I also complain about well-educated adults who confuse the Middle Ages with the 1700s (I'm not kidding). Or don't realize that people were emigrating West before the Civil War (and after). So knowing the order of events in history can be useful.
However, in this revised post, I want to focus on the need to question the narrative arc, whether conservative or progressive. It is surprisingly difficult to convince adult people that a narrative like, "Women wanted the vote but men tried to stop them" is far too simplistic. In truth, many women wanted the vote and many men helped them. And a large number of women opposed the suffrage movement and although they were linked to men, the anti-suffragists were surprisingly independent from men (though they used men when convenient).
A good example of my own experience with narrative arcs being upended is Rosie the Riveter and WWII. The narrative arc I learned growing up is that women didn't work before WWII. Then the war came and women went to work.
Actually, no. The war came and women were able to get well-paying manufacturing jobs.
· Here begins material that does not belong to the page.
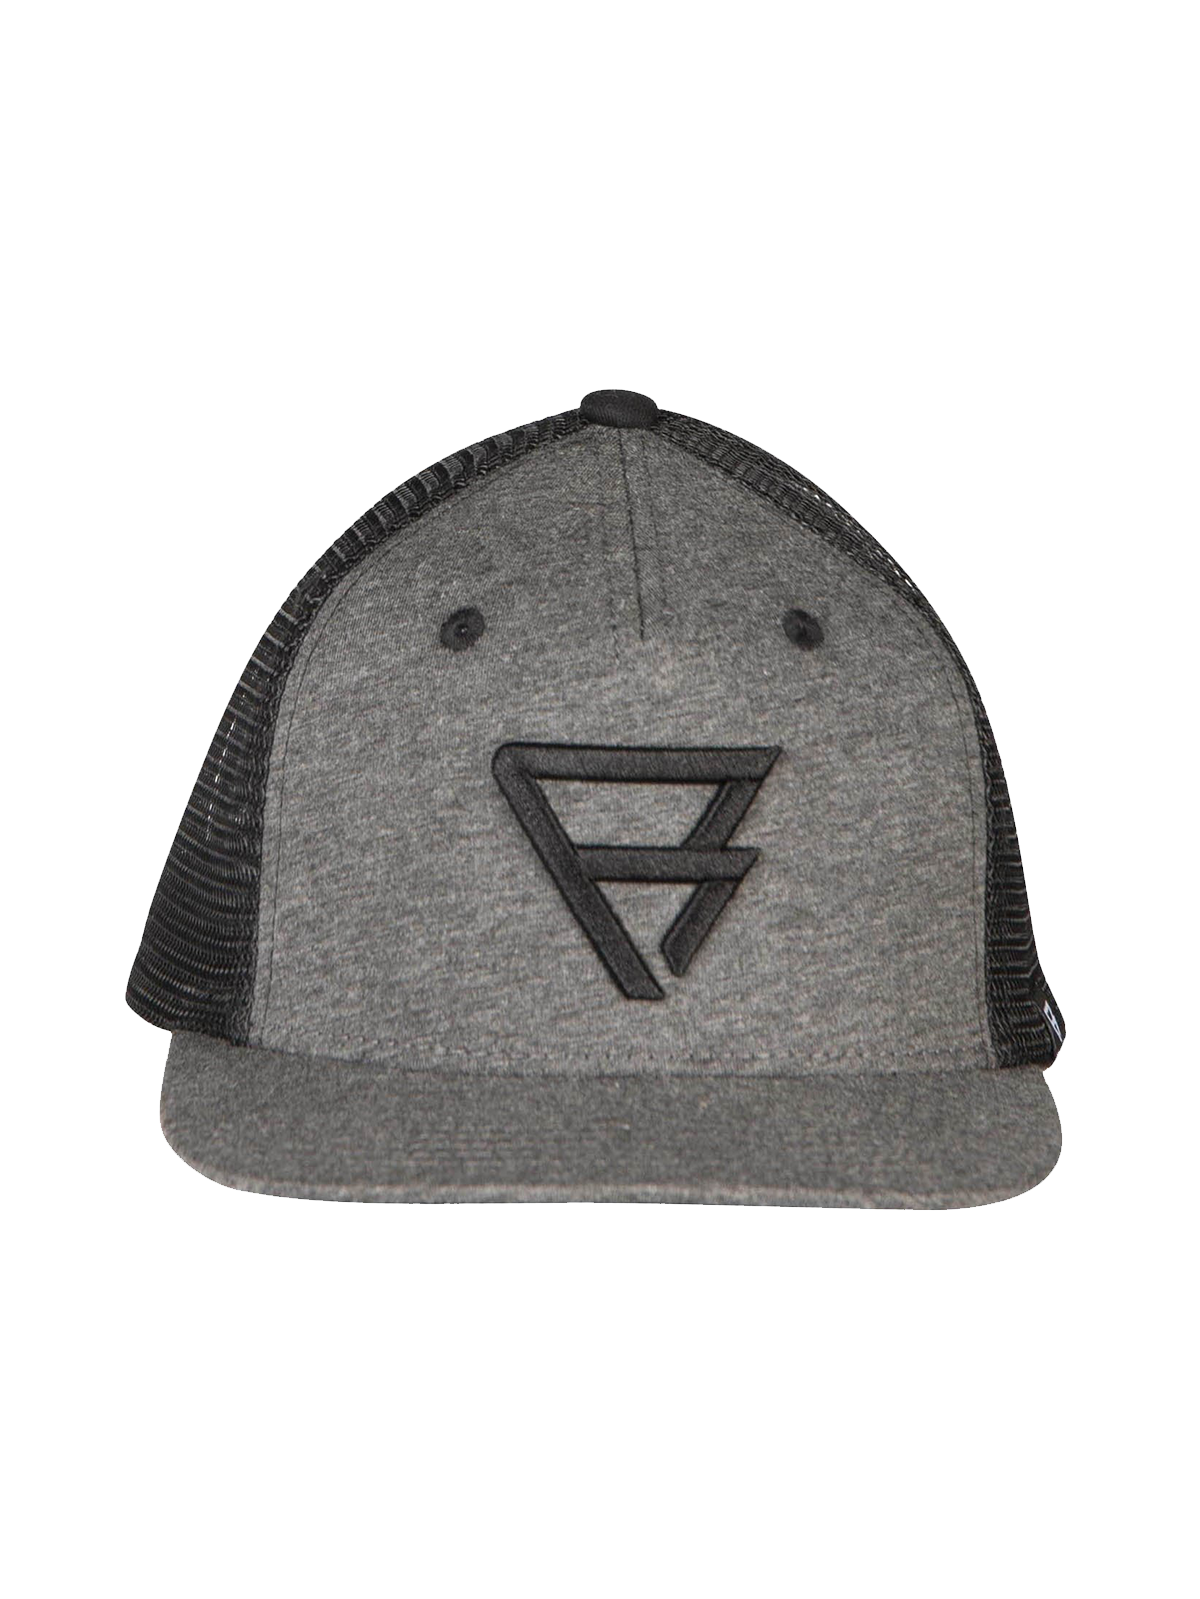 Hostiler Cap | Grey

Women were already working outside the home. The suburban homemaker of the two-parent/one-income family is fairly exclusive to an extremely small portion of American women and to, well, all of history (taking into consideration that for much of history, men and women worked out of the same location--and yes, they were both bringing in income; check out Martha Ballard).
The nature of work changed over the years, but again, many of the women who went to work in the factories were women who were already working outside the home. They liked the jobs because they paid well, they paid for schooling, and the women often mastered them very quickly. When the war ended and soldiers came back, the propaganda machine said, "Okay, women, go back to your children." But these were women who already belonged to two-income households or were the sole breadwinners of one-income families. They didn't go back home. They went looking for another job.
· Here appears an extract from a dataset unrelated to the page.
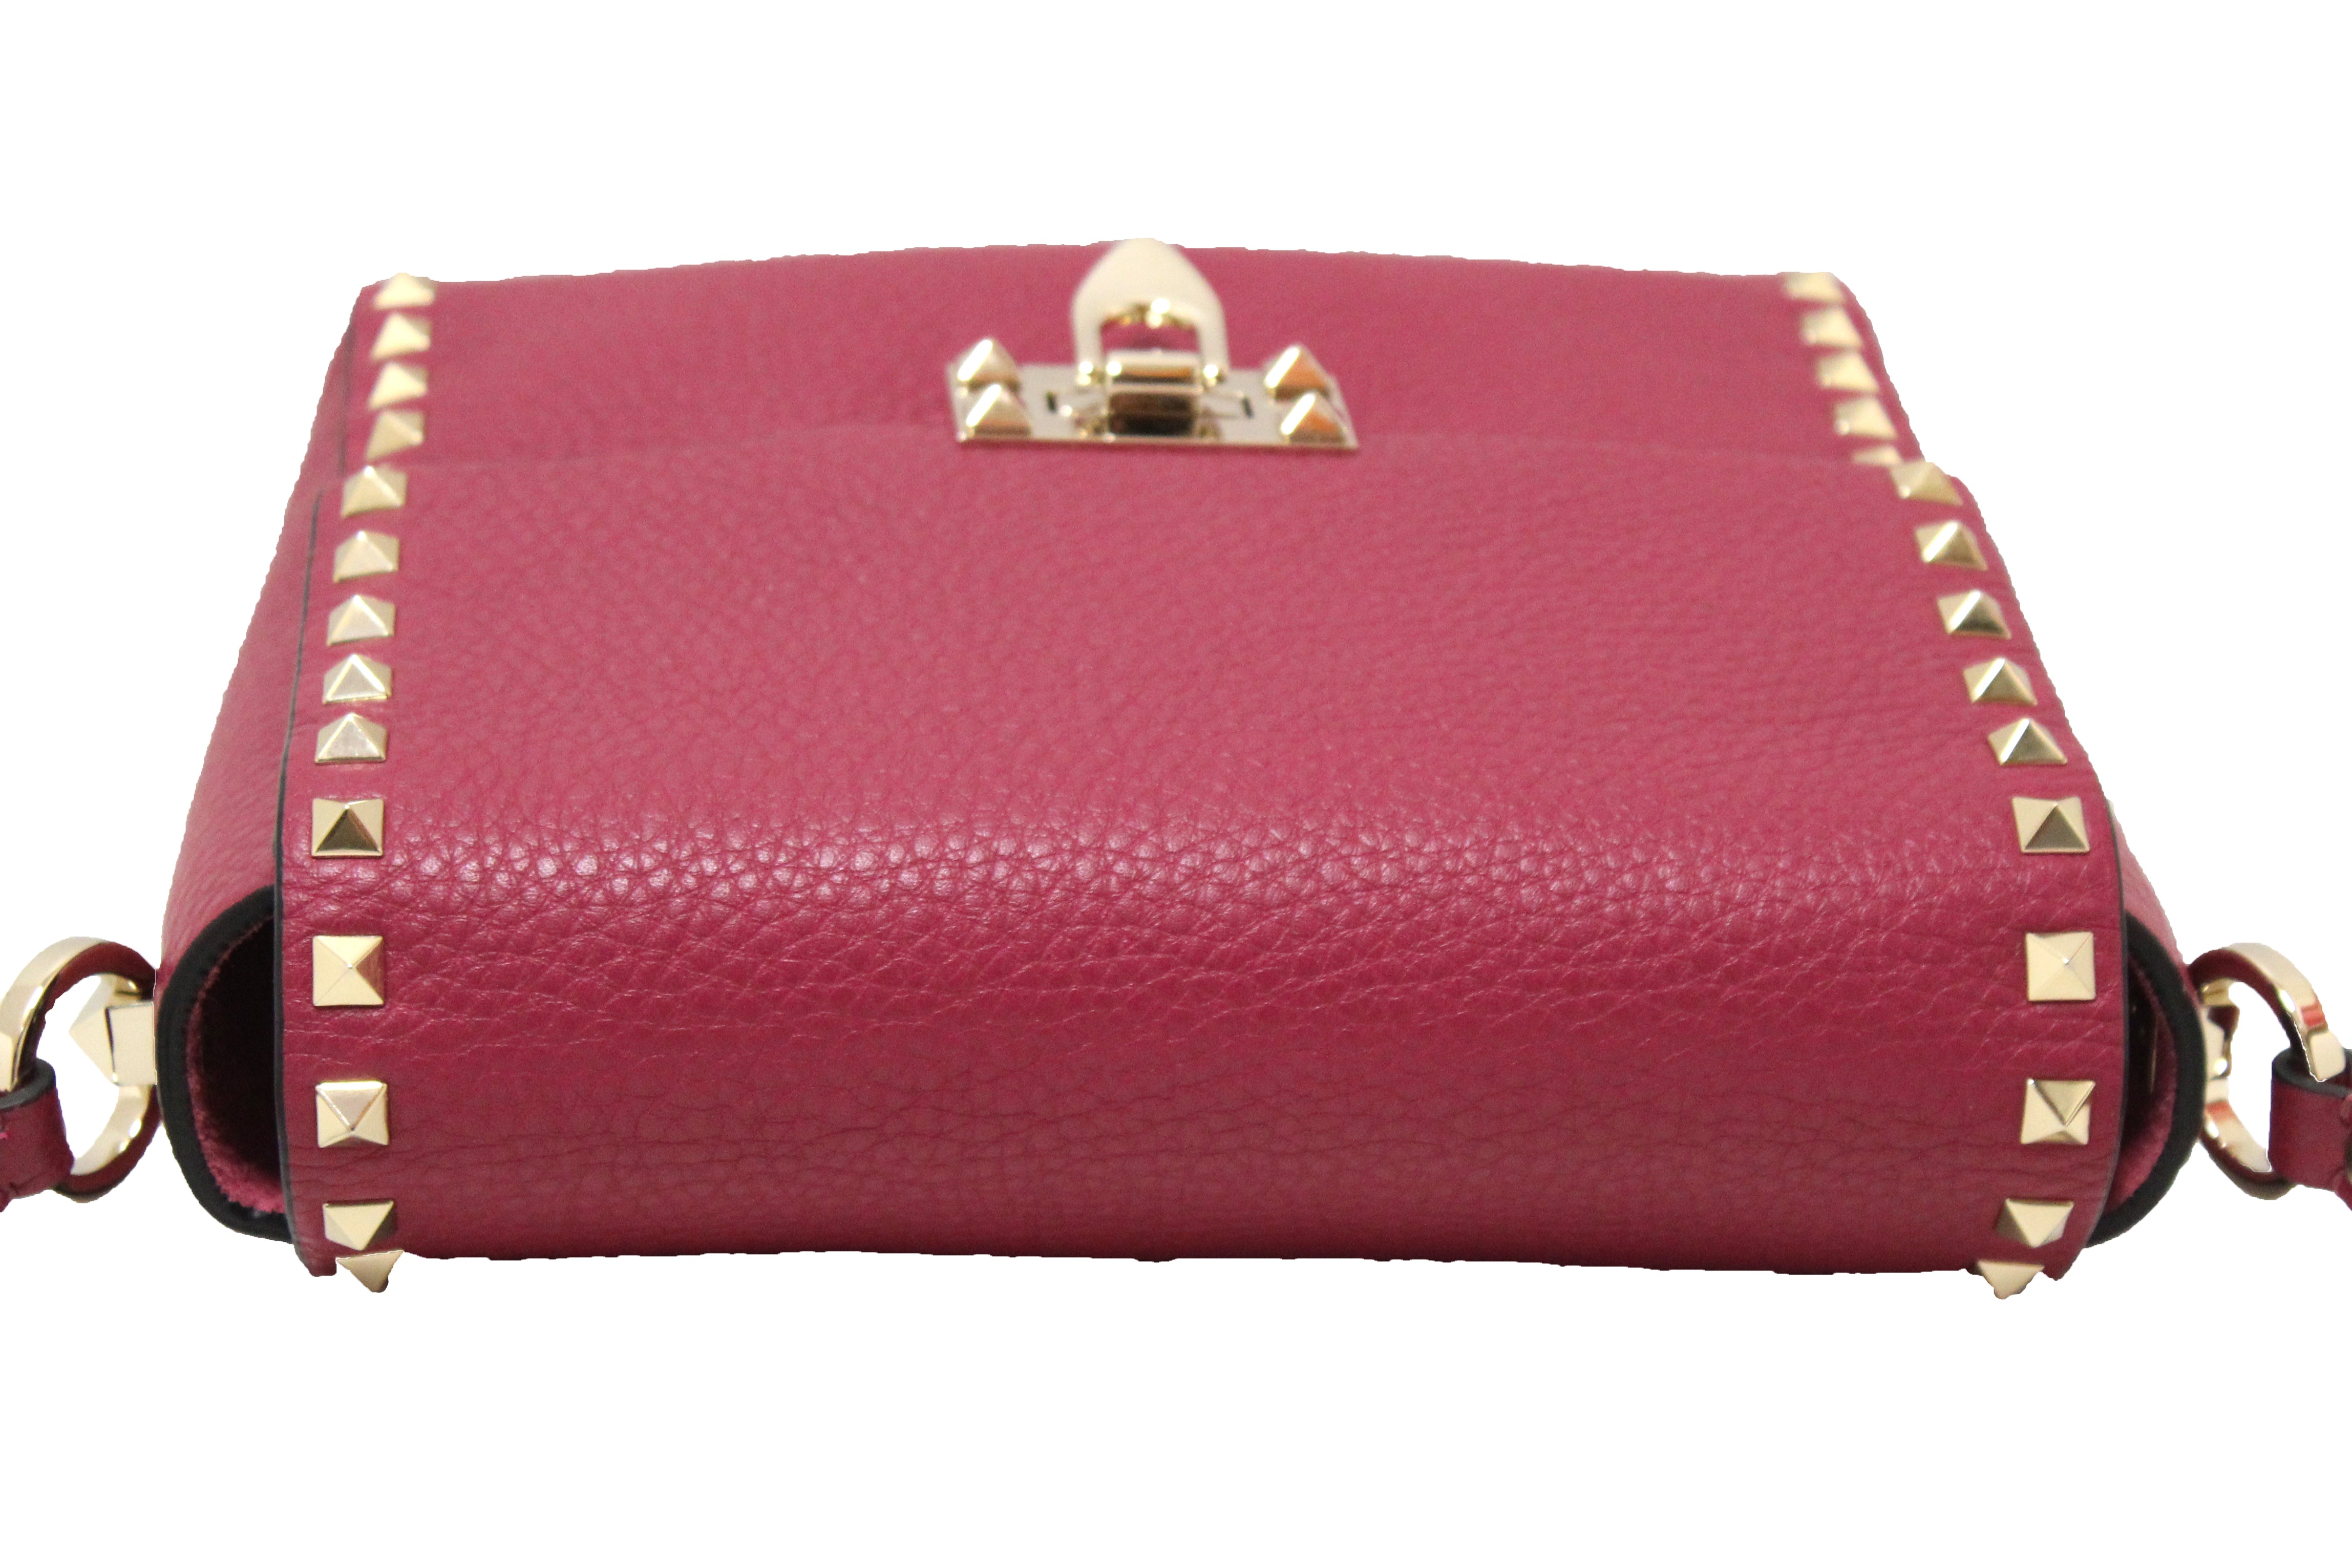 Rockstud Small Leather Shoulder Bag in Pink - Valentino Garavani

Conclusion: Be careful of the narrative that insists that once upon a time, EVERYBODY was like THIS.
1 comment:
History is always more complex than we think. I knew people immigrated to the West prior to the Civil War since I grew up in Texas and in school you get one year of Texas History (as opposed to American History or World History.) Because of that I knew about early settlements.
I find it weird that people would think of the 1700s as the Middle ages, but I probably shouldn't. It's not anything new. C.L. Moore wrote a series of pulp stories about warrior woman named Jirel of Joiry. She dated the stories in the 1500s even though it was suppose to be Dark Ages France.